**PROMPT:** Look through the data below for the line with "Comprar Star Wars", and transcribe it exactly together with each line after it up to and including the line with "Biffy Clyro - Dolls - T-Shirt - black image". Give nothing else.

**DATASET RECORDS:**
== Segment start ==
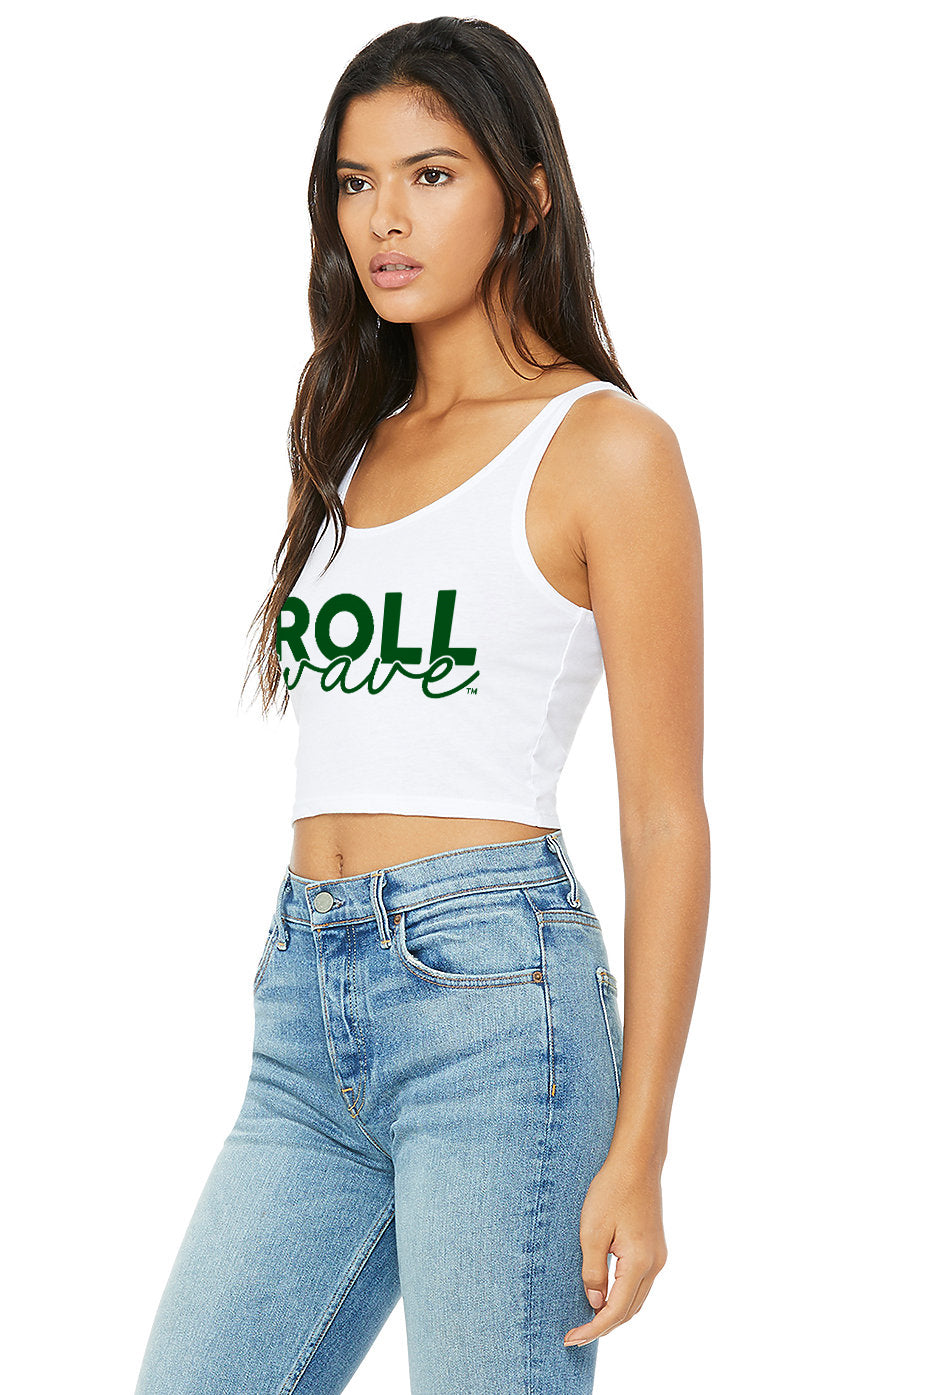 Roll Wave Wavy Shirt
== Segment end ==
== Segment start ==
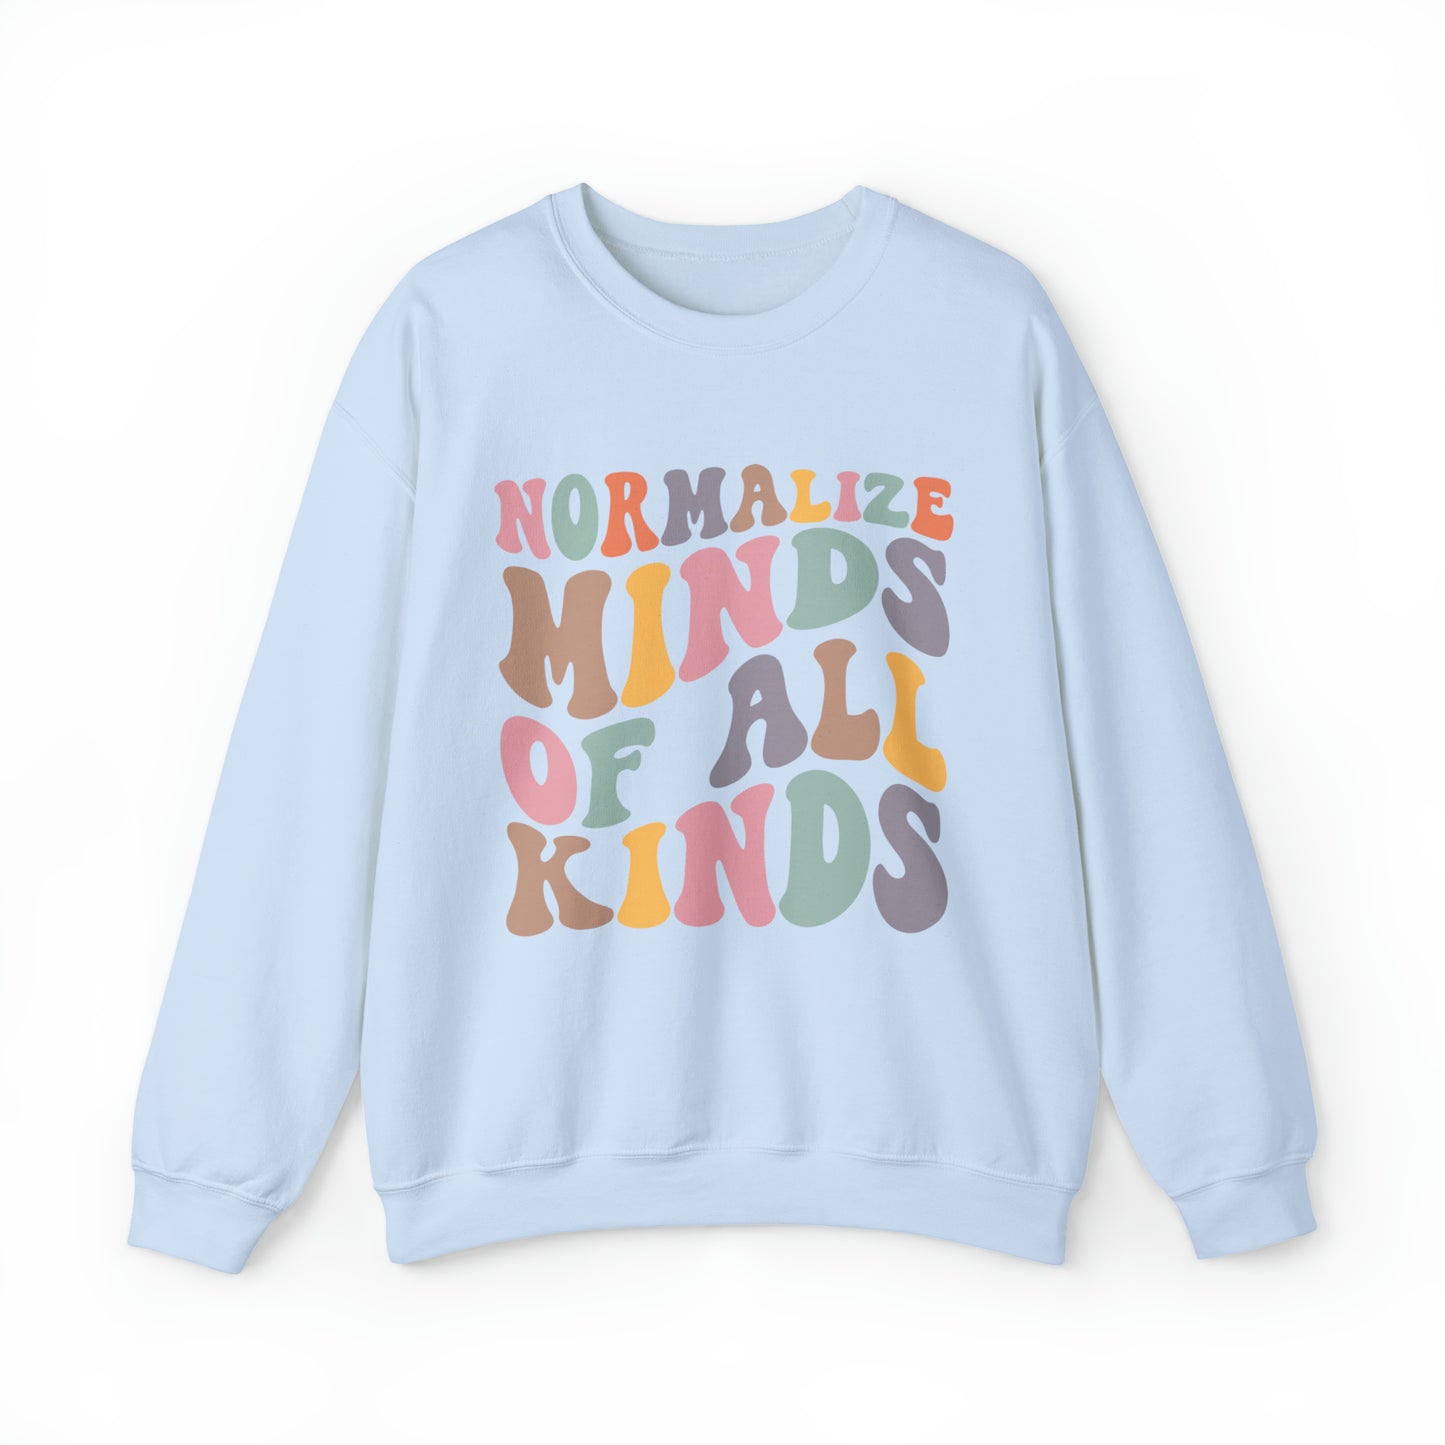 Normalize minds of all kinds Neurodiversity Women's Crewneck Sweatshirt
== Segment end ==
== Segment start ==
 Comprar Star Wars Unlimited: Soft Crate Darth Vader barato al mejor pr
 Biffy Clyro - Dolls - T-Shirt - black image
== Segment end ==
**SOLUTION FOR THIS PROBLEM:**
 Comprar Star Wars Unlimited: Soft Crate Darth Vader barato al mejor pr
 Biffy Clyro - Dolls - T-Shirt - black image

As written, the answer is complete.